API Keys vs OAuth: When to Use Each with Keycloak

Guilliano Molaire Guilliano Molaire Updated May 24, 2026 9 min read

Last updated: March 2026

Every API needs an authentication strategy, but the choice between API keys and OAuth is rarely straightforward. API keys are simple. OAuth is powerful. And in many real-world systems, you need both. The decision depends on who is calling your API, what they need access to, and how much risk you can tolerate.

This guide breaks down the security tradeoffs, maps use cases to the right authentication method, and shows how to implement both approaches alongside Keycloak for identity management and single sign-on.

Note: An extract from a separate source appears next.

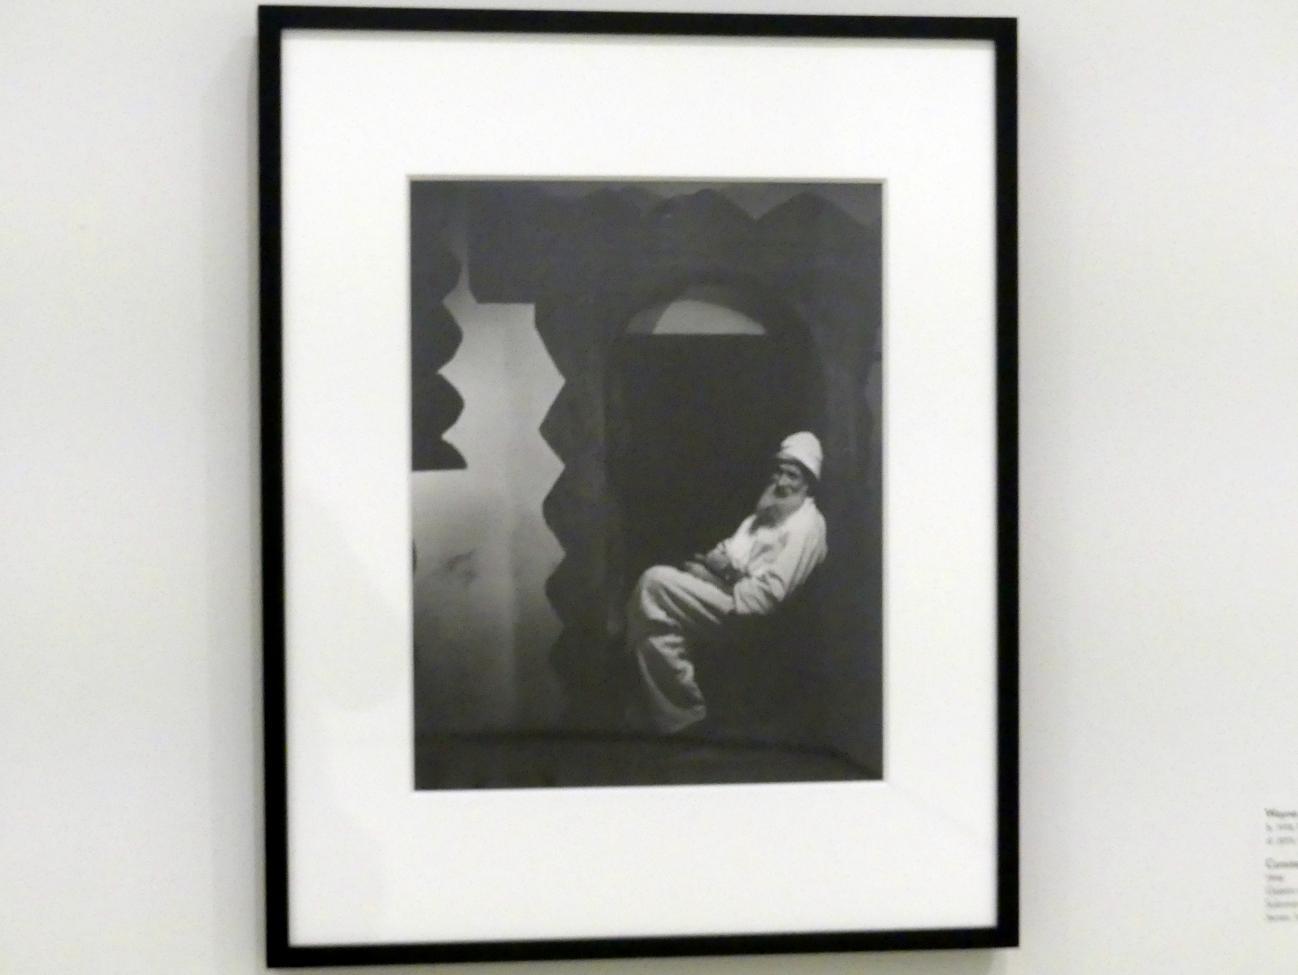 Wayne F. Miller: Constantin Brancusi vor der Türöffnung, 1946
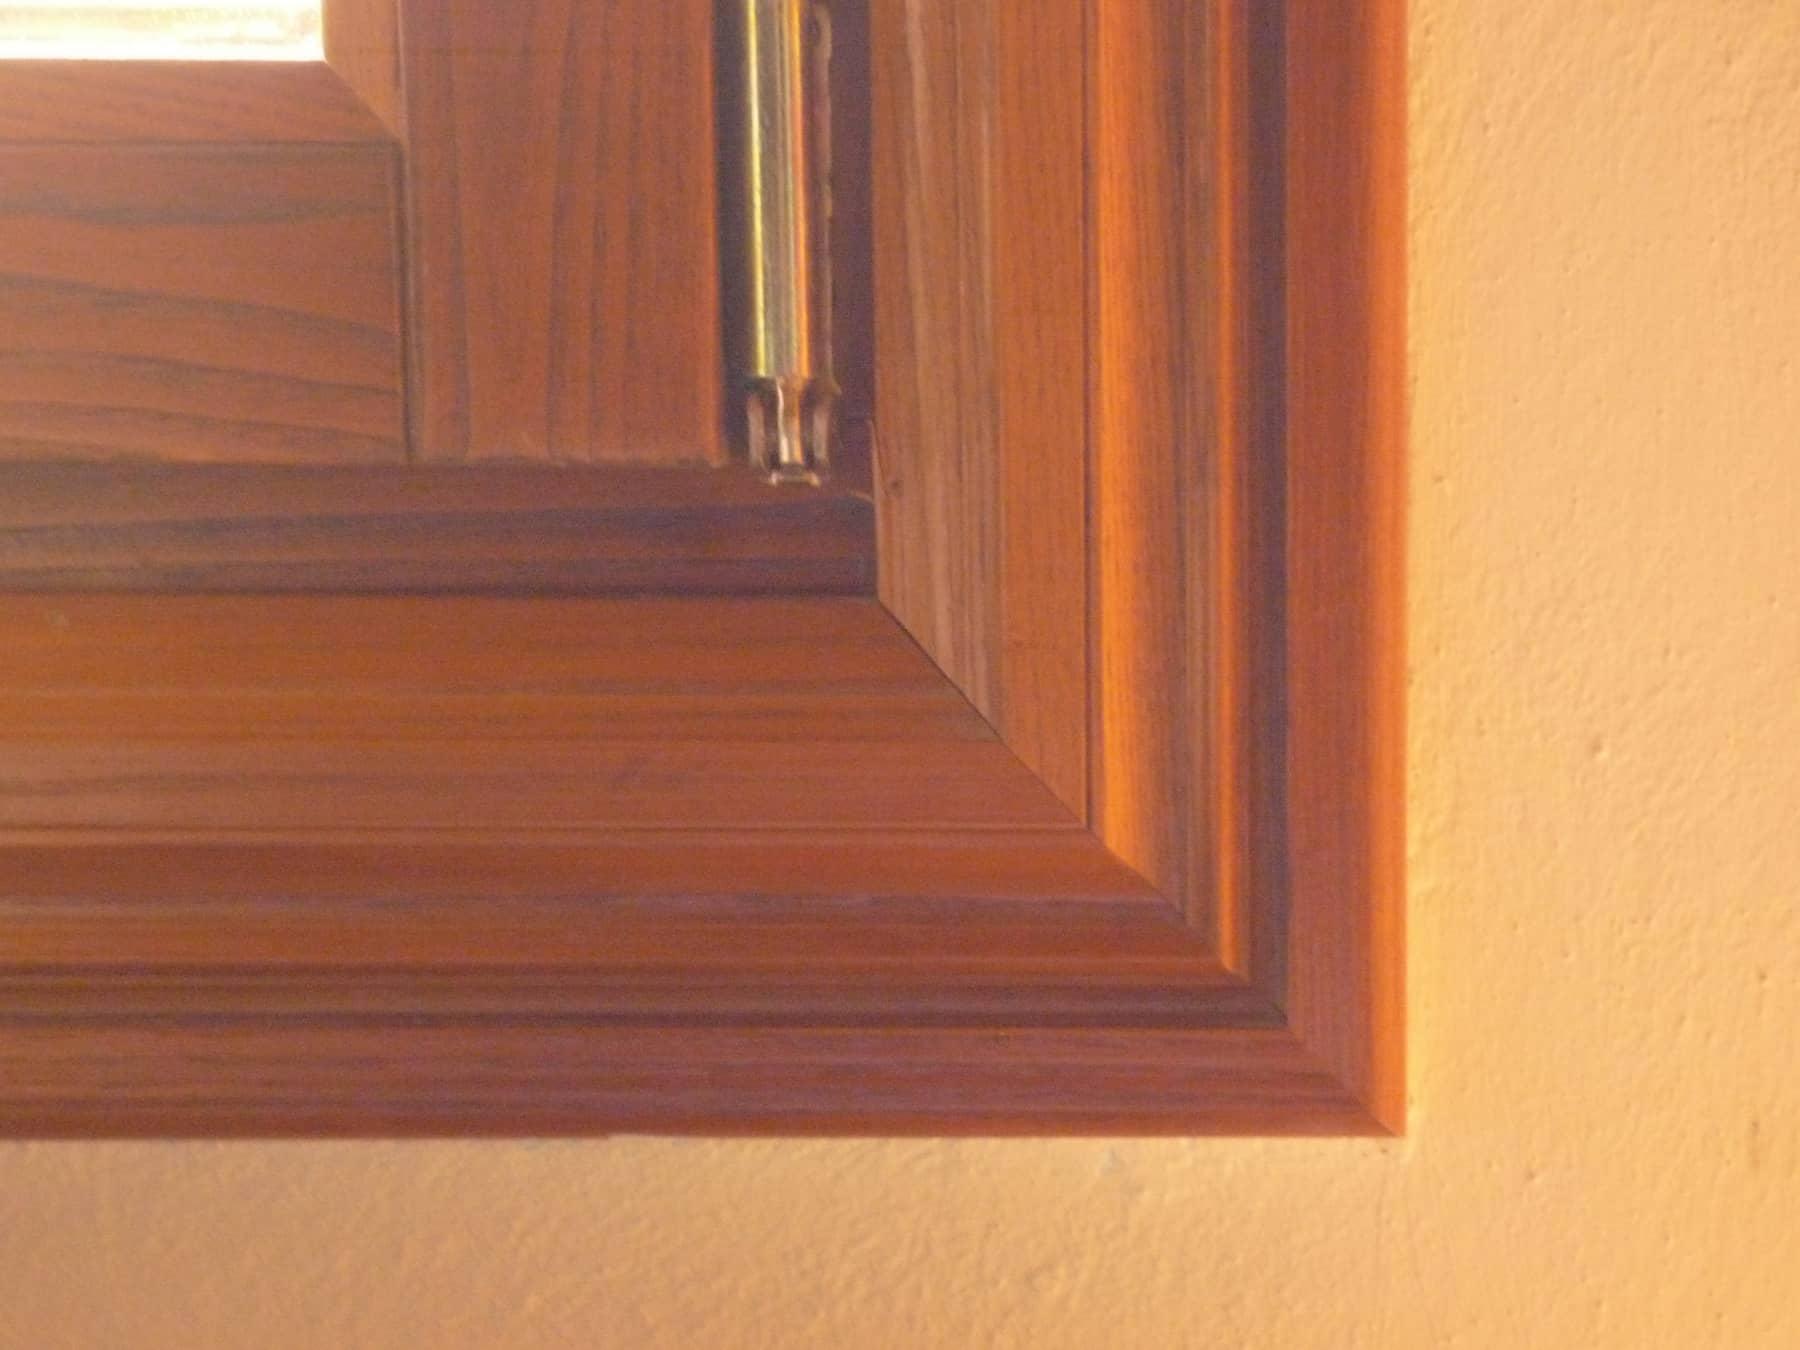 δεξιά γωνία ενός παραθύρου ATHOS δείχνει την ποιότητα κατασκευής και τοποθέτησης

API Keys: Simple, Stateless, and Dangerous

An API key is a long, randomly generated string that a client includes in every request — usually in a header or query parameter. The server looks up the key, identifies the caller, and grants access.

How API Keys Work

Client → sends request with header: X-API-Key: sk_live_abc123...
Server → looks up key in database → identifies client → returns response

That is the entire protocol. There is no token exchange, no redirect flow, no expiration dance. The simplicity is the selling point — and the risk.

When API Keys Make Sense

  • Internal service-to-service communication where both services are under your control and behind a firewall
  • Public read-only APIs where rate limiting matters more than identity (weather data, public datasets)
  • Webhook verification where the receiving service needs to validate that the sender is legitimate
  • Developer experience where onboarding friction directly impacts adoption (think Stripe, Twilio, SendGrid)
  • Machine-to-machine integrations where there is no user context and the calling service is fully trusted

Security Tradeoffs of API Keys

API keys have fundamental security limitations:

Risk Details
No expiration Keys are valid until manually revoked. A leaked key stays valid indefinitely unless someone notices.
No scope control A key typically grants full access. You cannot issue a key that only allows read access vs write access without building that logic yourself.
No identity context The key identifies an application, not a user. You cannot answer “which user performed this action?” without additional context.
Transmitted in plaintext Keys are sent in every request. Without TLS, they are visible to anyone on the network.
Hard to rotate Changing a key requires updating every client that uses it, often simultaneously.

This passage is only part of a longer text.